From 2001 to 2005 -- the last year data was available -- there was virtually no statistical change in income inequality, based on a statistical test by the Census Bureau, requested and released by Congress's Joint Economic Committee.
The data came out amid calls by the new chairman of the House Financial Services Committee, Rep. Barney Frank (D-Mass.) for the federal government to work to reduce income inequality by requiring companies to pay higher wages, provide better employee health care coverage, and empower unions.
Rep. Jim Saxton (R-N.J.), the top House Republican on the Joint Economic Committee, said Congress should review the actual evidence rather than react to common assumptions.
"A lot has been said about income inequality, but the fact is that it hasn't changed much in recent years," Saxton said Thursday. "Congress should consider this fact before acting on the assumption that income inequality is surging."

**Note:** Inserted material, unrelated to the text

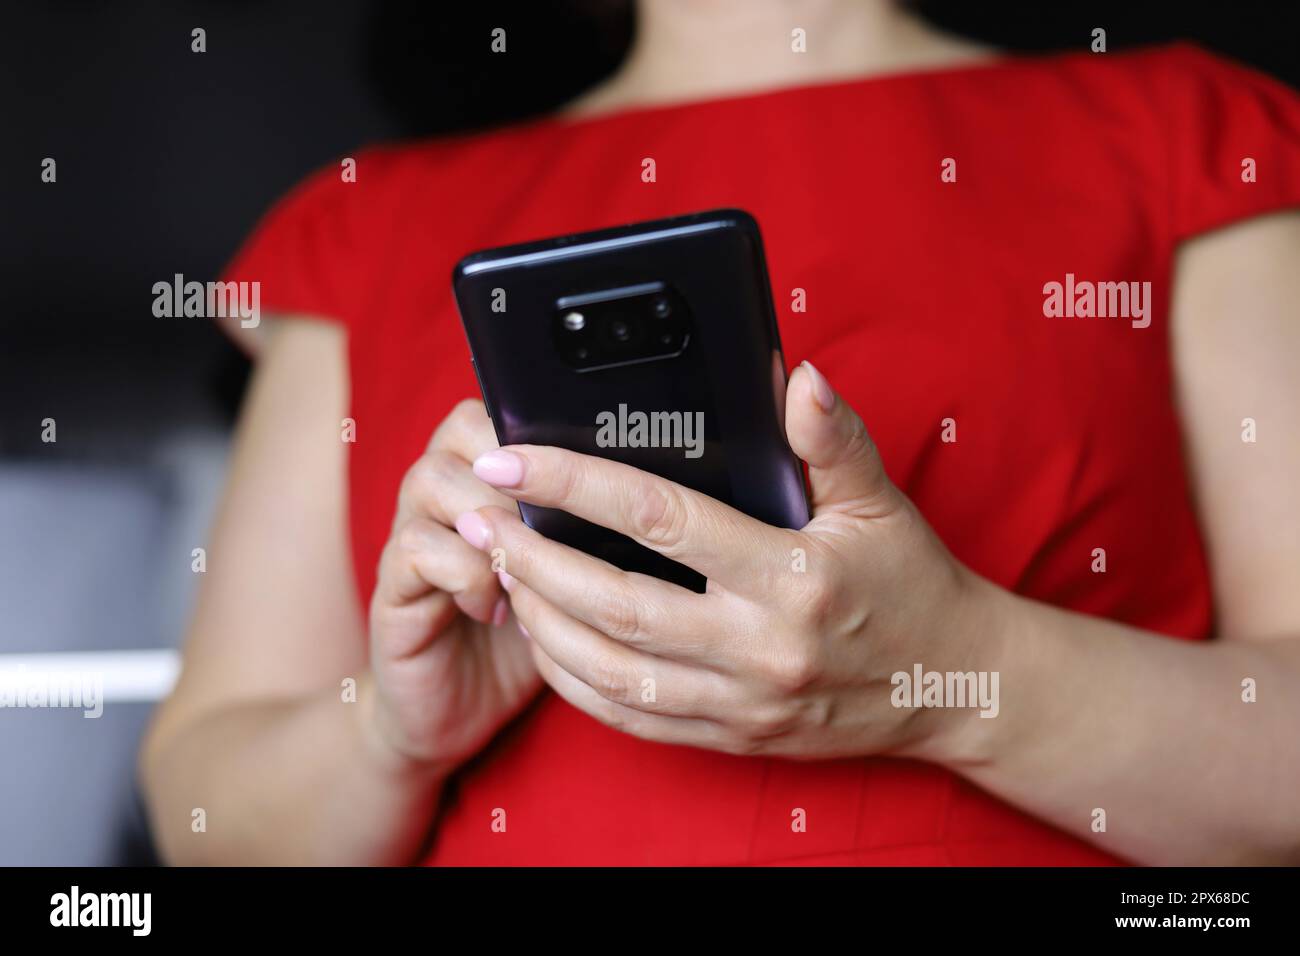 Woman in red dress using smartphone, mobile phone in female hands close up. Concept of online addiction, sms, social media Stock Photo

Democrats have already specifically pledged to raise the federal minimum wage.
Frank, who will be the most powerful House member in setting the country's economic policy, said his committee would hold hearings into why the top income earners are making so much more than lower earners and what the government can do about it.
Frank is also proposing what he calls the "grand bargain" that will tie trade bills, regulatory relief and other business-friendly legislation to mandates on increased wages, union empowerment and health care coverage.
"This is not to deny that income inequality exists due to a number of factors," Saxton said.
One key factor is a disparity in labor market participation. According to the report, of the bottom fifth of households 58.7 percent have no earners. Meanwhile, of the top fifth, 76.3 percent of households have two or more earners.
"There is often good reason not to work, such as retirement or disability, but obviously households without earners will lack earnings," Saxton said.
Income mobility is also very high, Saxton said, as low wage workers have moved into higher income brackets frequently since 1985.
Other factors should also be considered, Saxton said.
"Inequality in consumption is much less than inequality in income," Saxton said. "The level of consumption in the bottom fifth is nearly twice that of income - indicating that income is not necessarily the best measure of economic well being."